*Available data*.

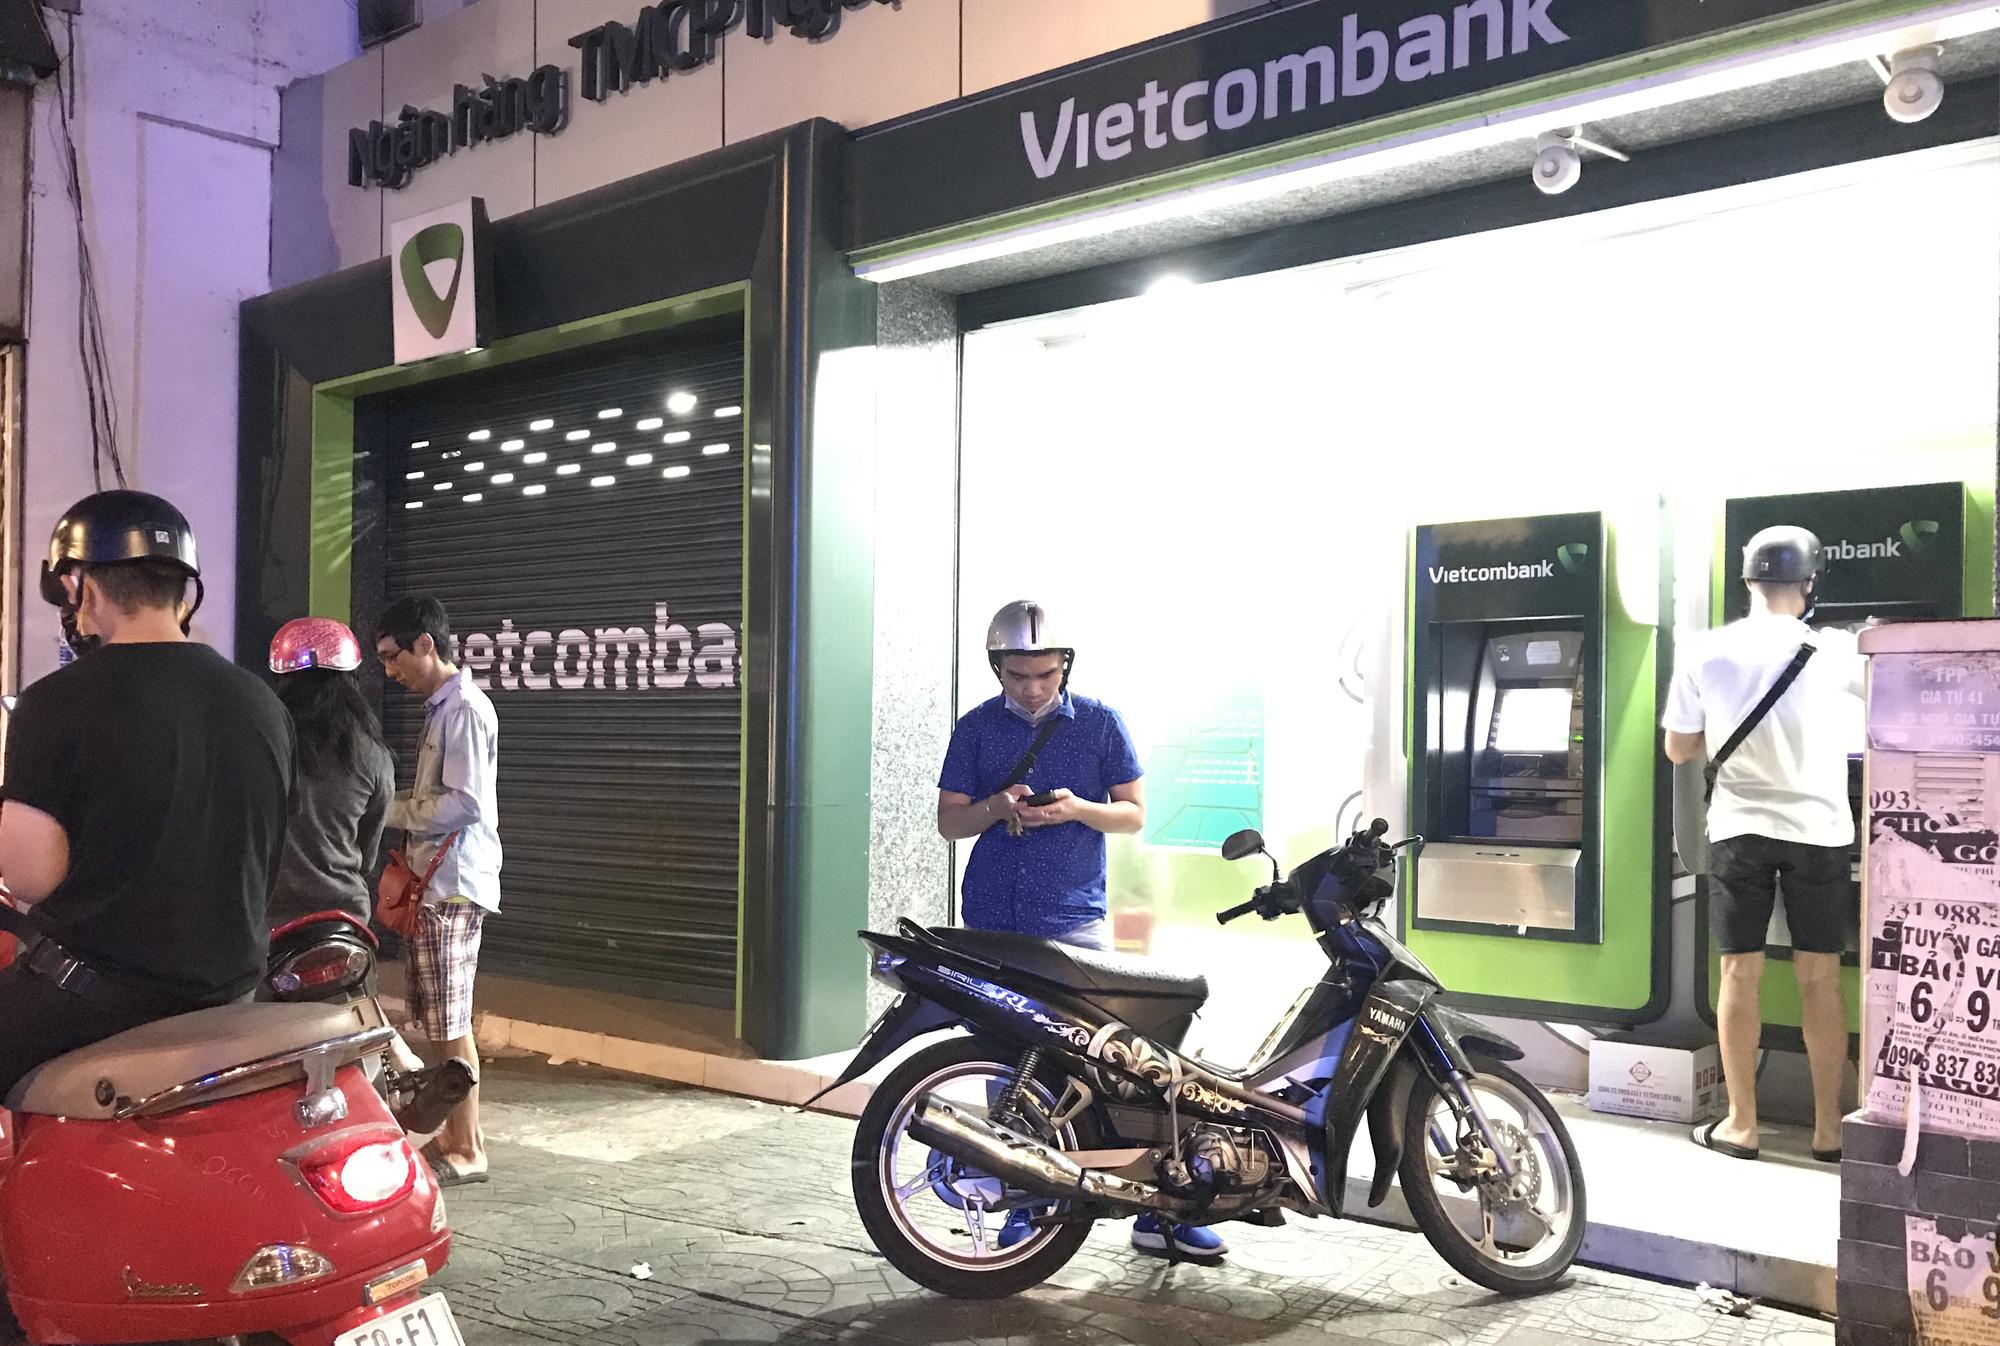 ATM đồng loạt hết tiền nghỉ Tết, Ngân hàng Nhà nước ra công điện khẩn 28 Tết - Ảnh 2.
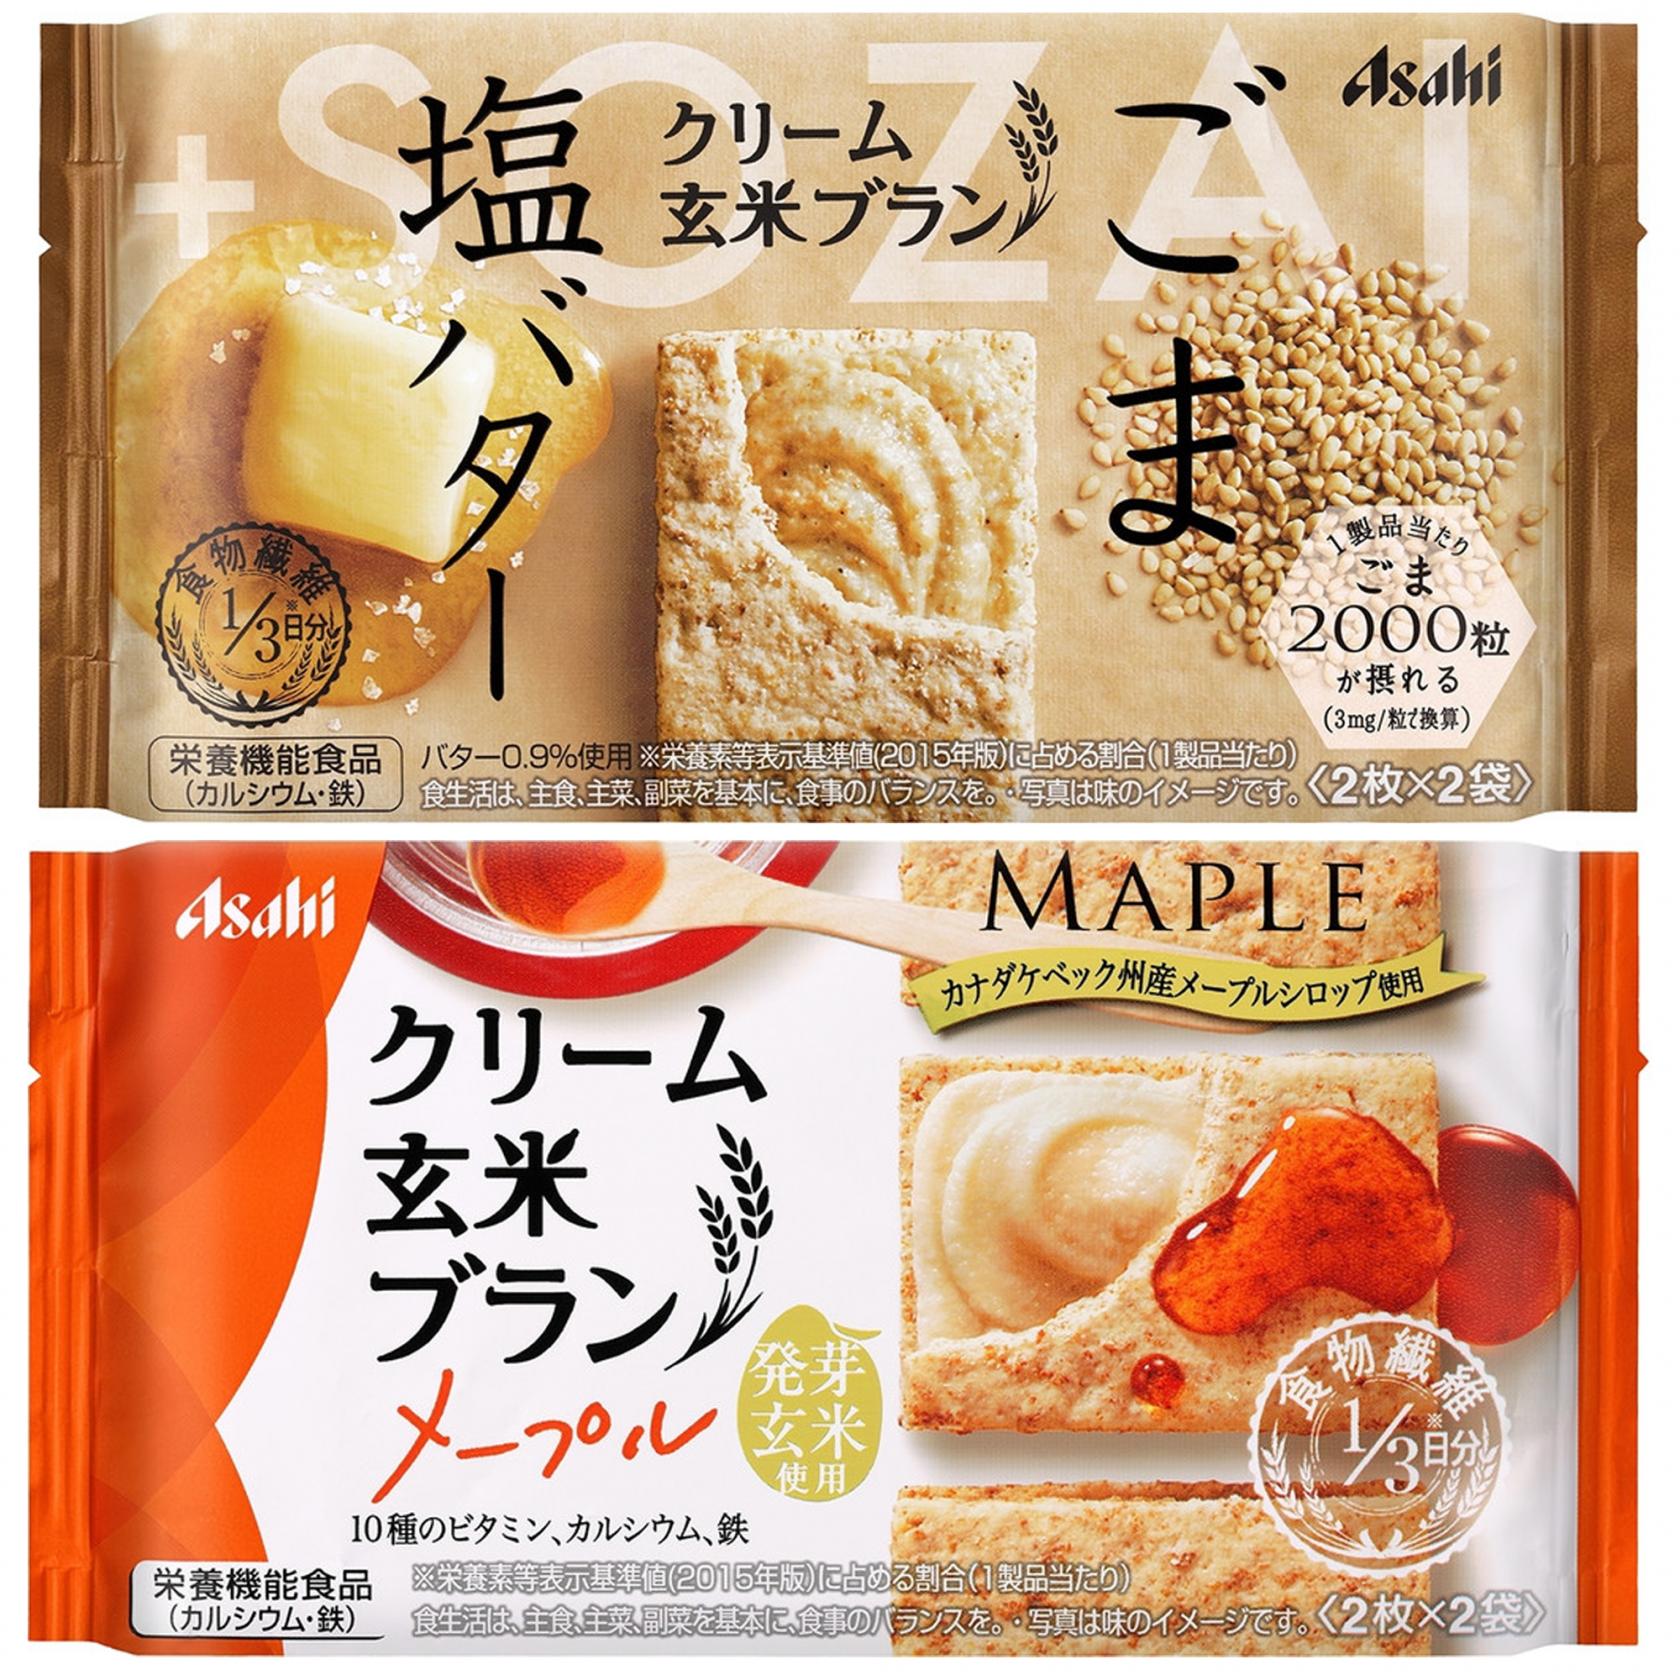 アサヒ「発酵BLEND りんご酢&カルピス」新発売♪長野産りんご果汁を贅沢に使用
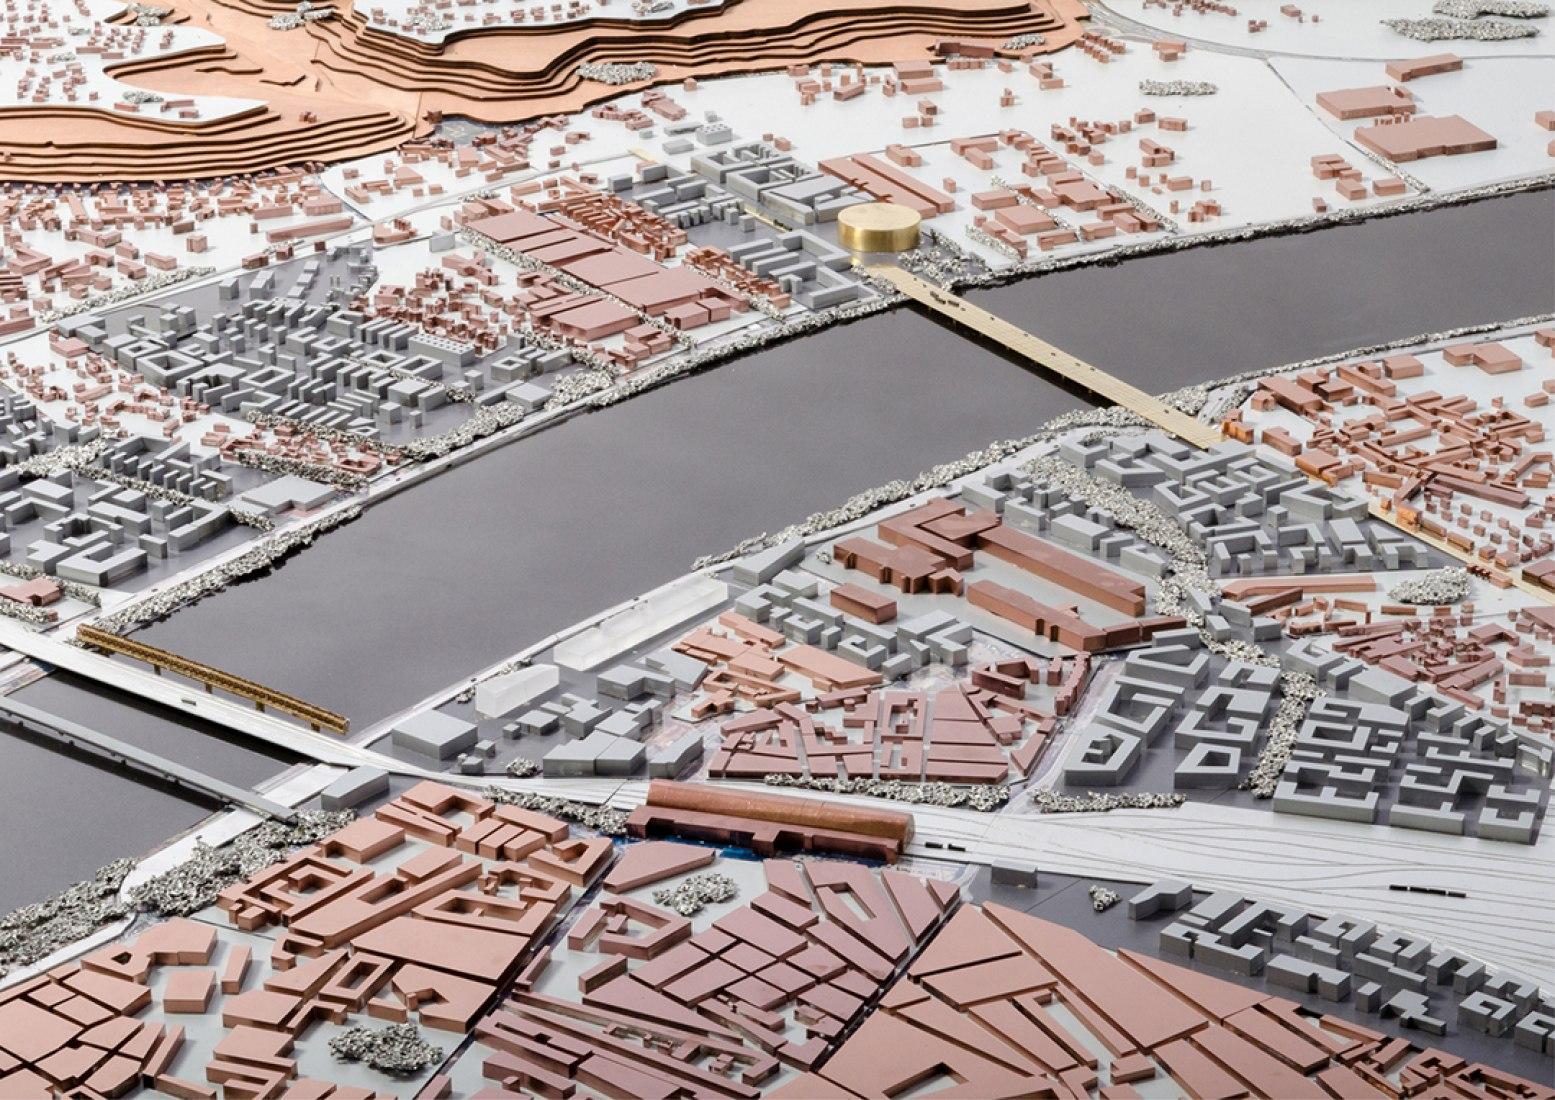 Maqueta del puente en el contesto urbano de Burdeos. Pont Jean-Jacques Bosc. Imagen © cortesía de OMA.
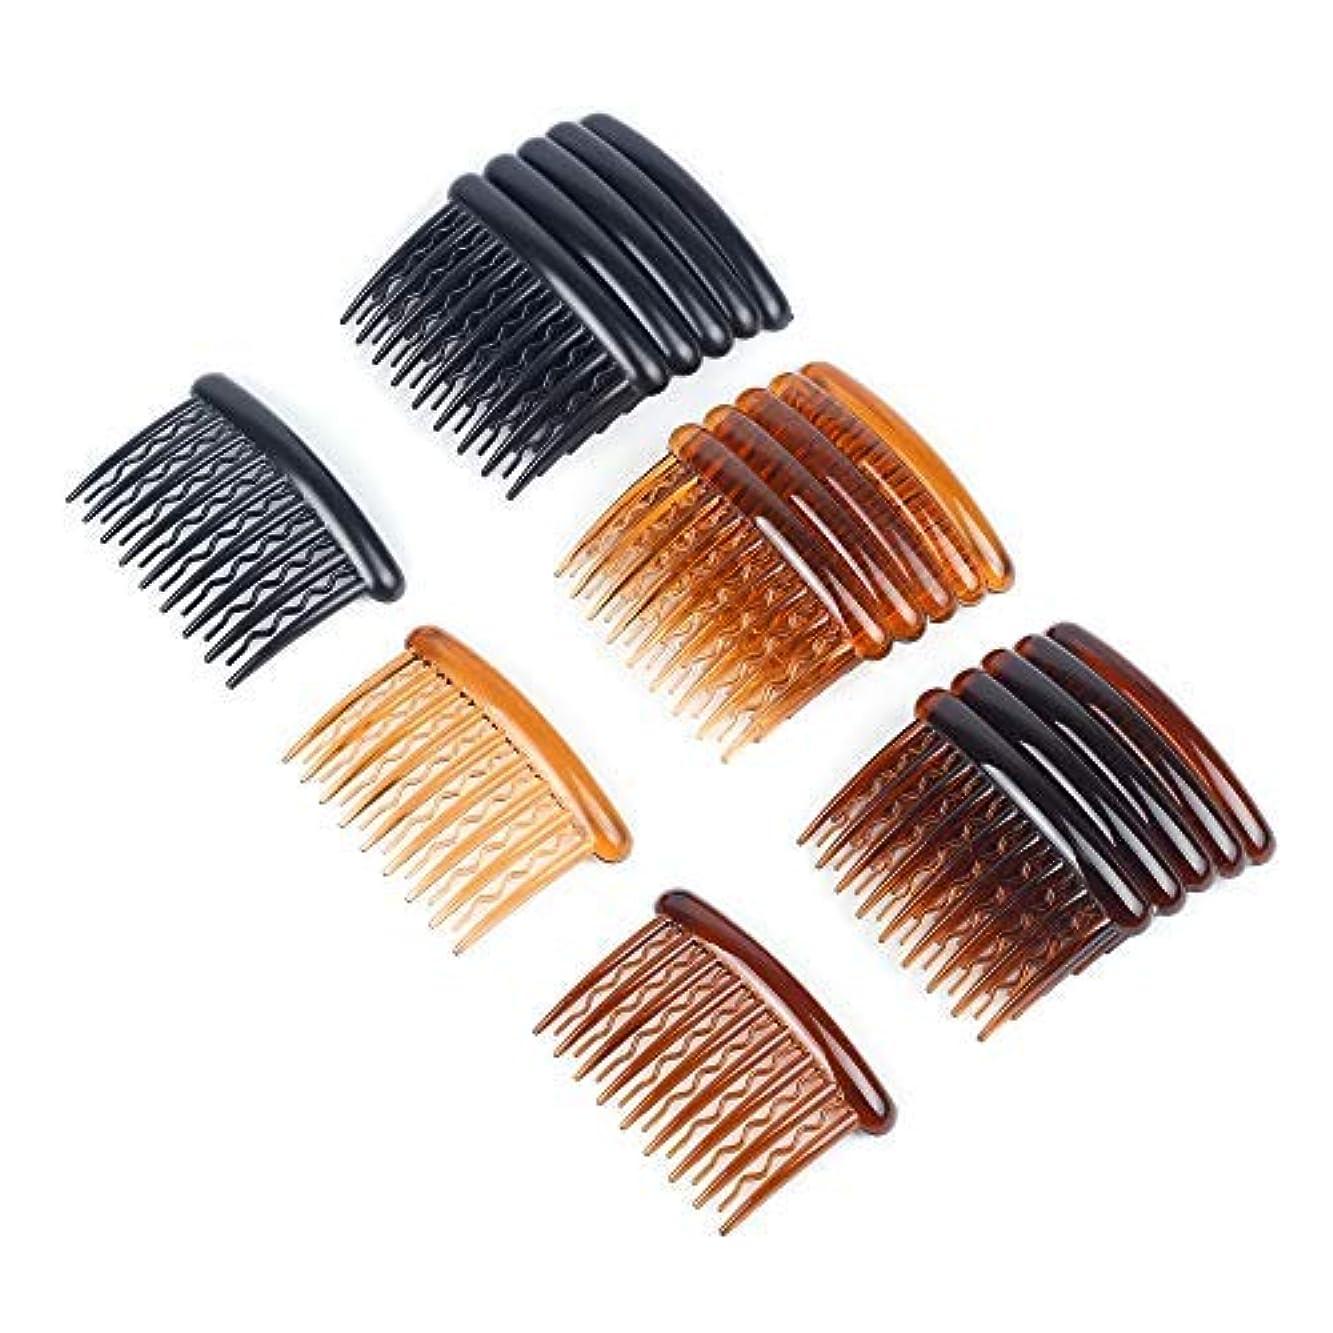 中間小道具思春期WBCBEC 18 Pieces Plastic Teeth Hair Combs Tortoise Side Comb Hair Accessories for Fine Hair [並行輸入品]

*Work to complete*. What this calls for is a word-for-word copy of the listing above, pictures excluded.

*Your solution*.
 ATM đồng loạt hết tiền nghỉ Tết, Ngân hàng Nhà nước ra công điện khẩn 28 Tết - Ảnh 2.
 アサヒ「発酵BLEND りんご酢&カルピス」新発売♪長野産りんご果汁を贅沢に使用
 Maqueta del puente en el contesto urbano de Burdeos. Pont Jean-Jacques Bosc. Imagen © cortesía de OMA.
 中間小道具思春期WBCBEC 18 Pieces Plastic Teeth Hair Combs Tortoise Side Comb Hair Accessories for Fine Hair [並行輸入品]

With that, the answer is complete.